Which tables should be auto vacuumed or auto analyzed – UPDATE

Some time ago I wrote blogpost which showed how to list tables that should be autovacuumed or autoanalyzed.

Query in there had one important problem – it didn't take into account per-table settings.

Specifically – it only used system-wide values for:

  • autovacuum_analyze_scale_factor
  • autovacuum_analyze_threshold
  • autovacuum_vacuum_scale_factor
  • autovacuum_vacuum_threshold

but these can be also set per table using syntax like:

=$ ALTER TABLE t2 SET ( autovacuum_vacuum_scale_factor = 0.3, autovacuum_vacuum_threshold = 200 );

Let's fix it.

To get per-table settings you have to look into reloptions column in pg_class table.

Appropriate query that gets real values of factors and thresholds looks like:

  1. =$ SELECT
  2.     n.nspname,
  3.     c.relname,
  4.     c.oid AS relid,
  5.     c.reltuples,
  6.     s.n_dead_tup,
  7.     s.n_mod_since_analyze,
  8.     COALESCE(
  9.         (SELECT split_part(x, '=', 2) FROM unnest(c.reloptions) q (x) WHERE x ~ '^autovacuum_analyze_scale_factor=' ),
  10.         current_setting('autovacuum_analyze_scale_factor')
  11.     )::float8 AS autovacuum_analyze_scale_factor,
  12.     COALESCE(
  13.         (SELECT split_part(x, '=', 2) FROM unnest(c.reloptions) q (x) WHERE x ~ '^autovacuum_analyze_threshold=' ),
  14.         current_setting('autovacuum_analyze_threshold')
  15.     )::float8 AS autovacuum_analyze_threshold,
  16.     COALESCE(
  17.         (SELECT split_part(x, '=', 2) FROM unnest(c.reloptions) q (x) WHERE x ~ '^autovacuum_vacuum_scale_factor=' ),
  18.         current_setting('autovacuum_vacuum_scale_factor')
  19.     )::float8 AS autovacuum_vacuum_scale_factor,
  20.     COALESCE(
  21.         (SELECT split_part(x, '=', 2) FROM unnest(c.reloptions) q (x) WHERE x ~ '^autovacuum_vacuum_threshold=' ),
  22.         current_setting('autovacuum_vacuum_threshold')
  23.     )::float8 AS autovacuum_vacuum_threshold
  24. FROM
  25.     pg_class c
  26.     JOIN pg_namespace n ON c.relnamespace = n.oid
  27.     LEFT OUTER JOIN pg_stat_all_tables s ON c.oid = s.relid
  28. WHERE c.relkind = 'r'
  29. ORDER BY n.nspname, c.relname;

The magic to get appropriate values in in lines 8-23, but it's just 4 separate blocks, one for each variable. Let's look at one of them:

  1. COALESCE(
  2.     (SELECT split_part(x, '=', 2) FROM unnest(c.reloptions) q (x) WHERE x ~ '^autovacuum_analyze_scale_factor=' ),
  3.     current_setting('autovacuum_analyze_scale_factor')
  4. )::float8 AS autovacuum_analyze_scale_factor

SELECT in line 2 unpacks reloptions (it's array of texts), and gets only the row that starts with “autovacuum_analyze_scale_factor=“. Then, value is split using = character, and it returns second part – which is the value.

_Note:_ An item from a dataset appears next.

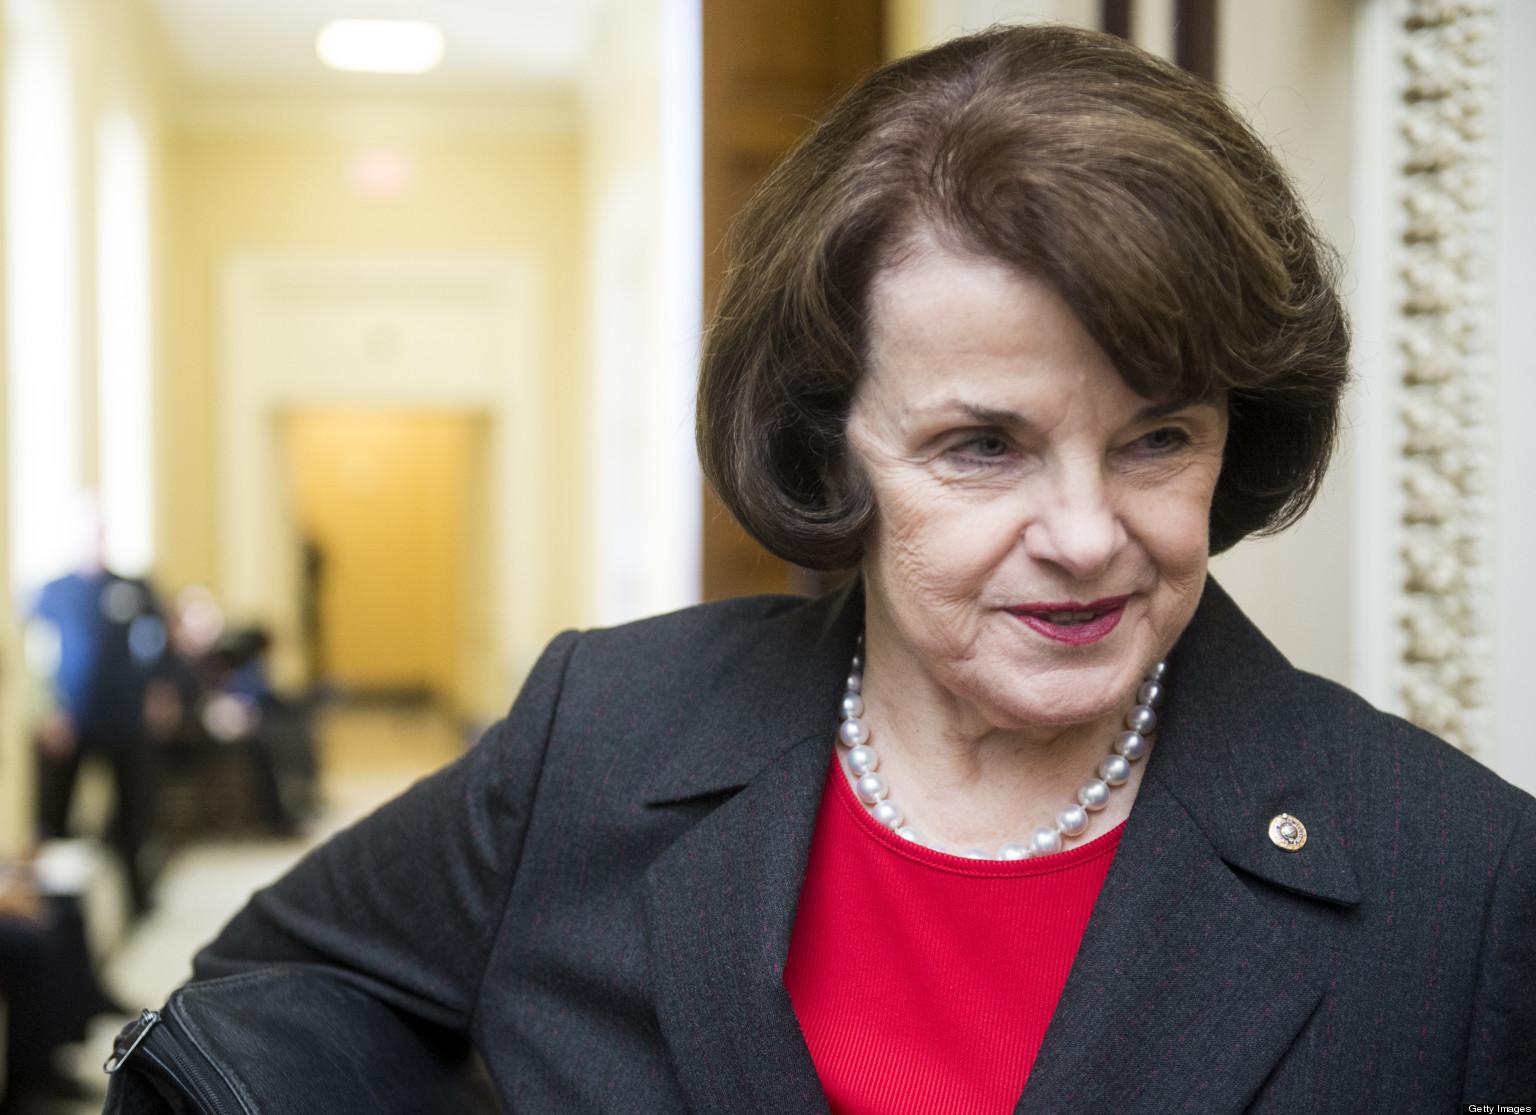 Lawmakers Split On 'Enemy Combatant' Status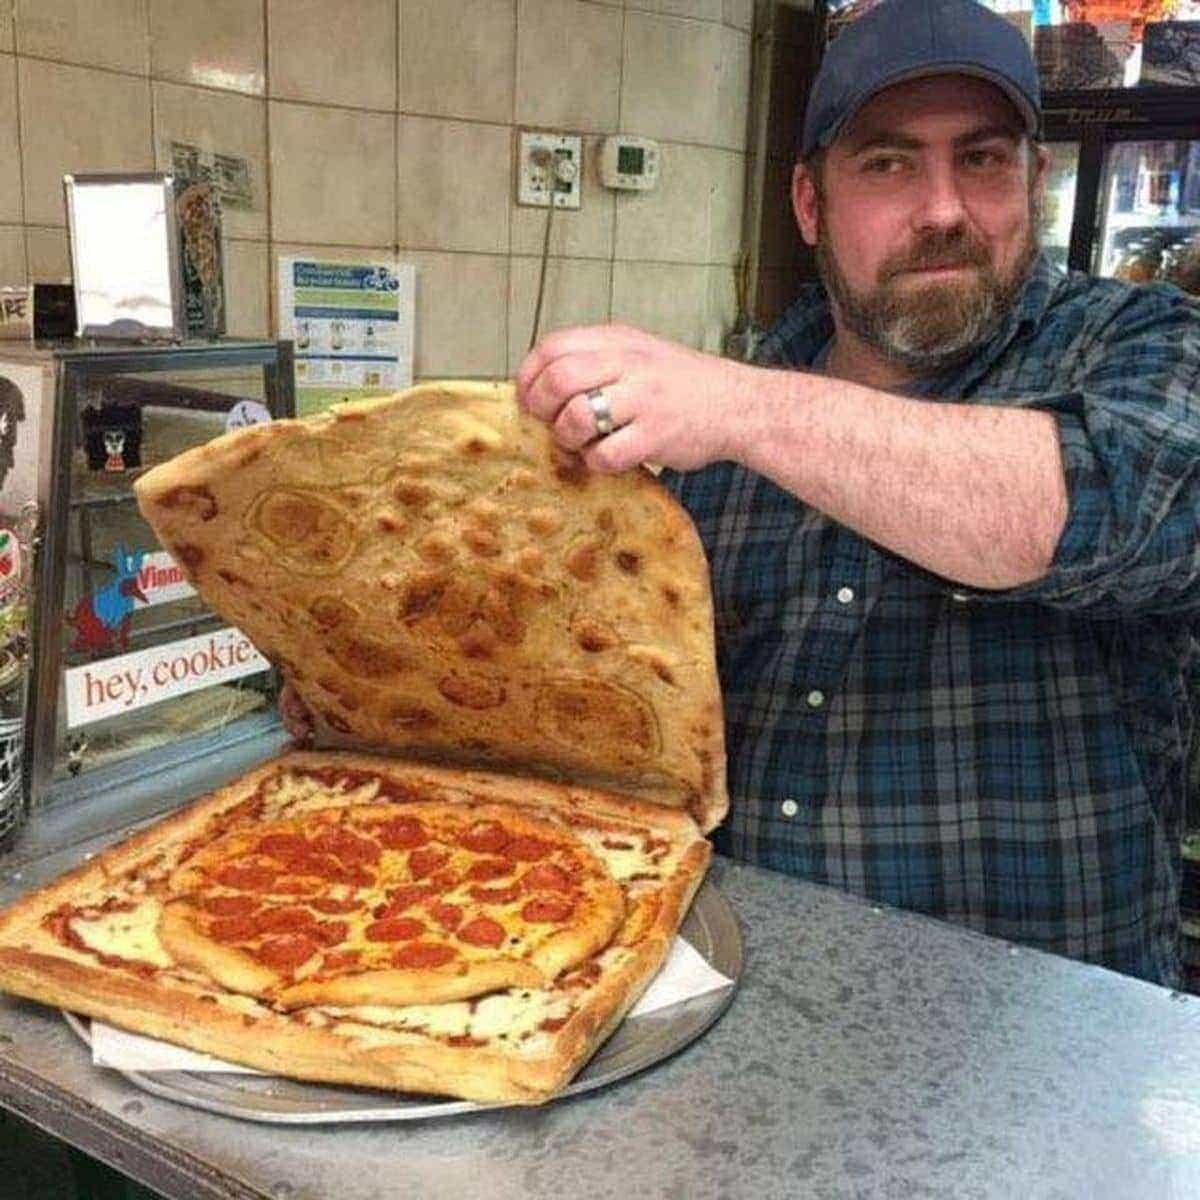 Die ultimative Pizza-Verpackung ist aus ... Pizza | Lustiges | Was is hier eigentlich los?

If reloptions do not contain autovacuum_analyze_scale_factor, then the whole subselect in line 2 will return NULL, which will then get passed to COALESCE, which will substitute global value of autovacuum_analyze_scale_factor using current_setting call.

Finally in line 4 I added cast to float8, so that the value will be useful for math.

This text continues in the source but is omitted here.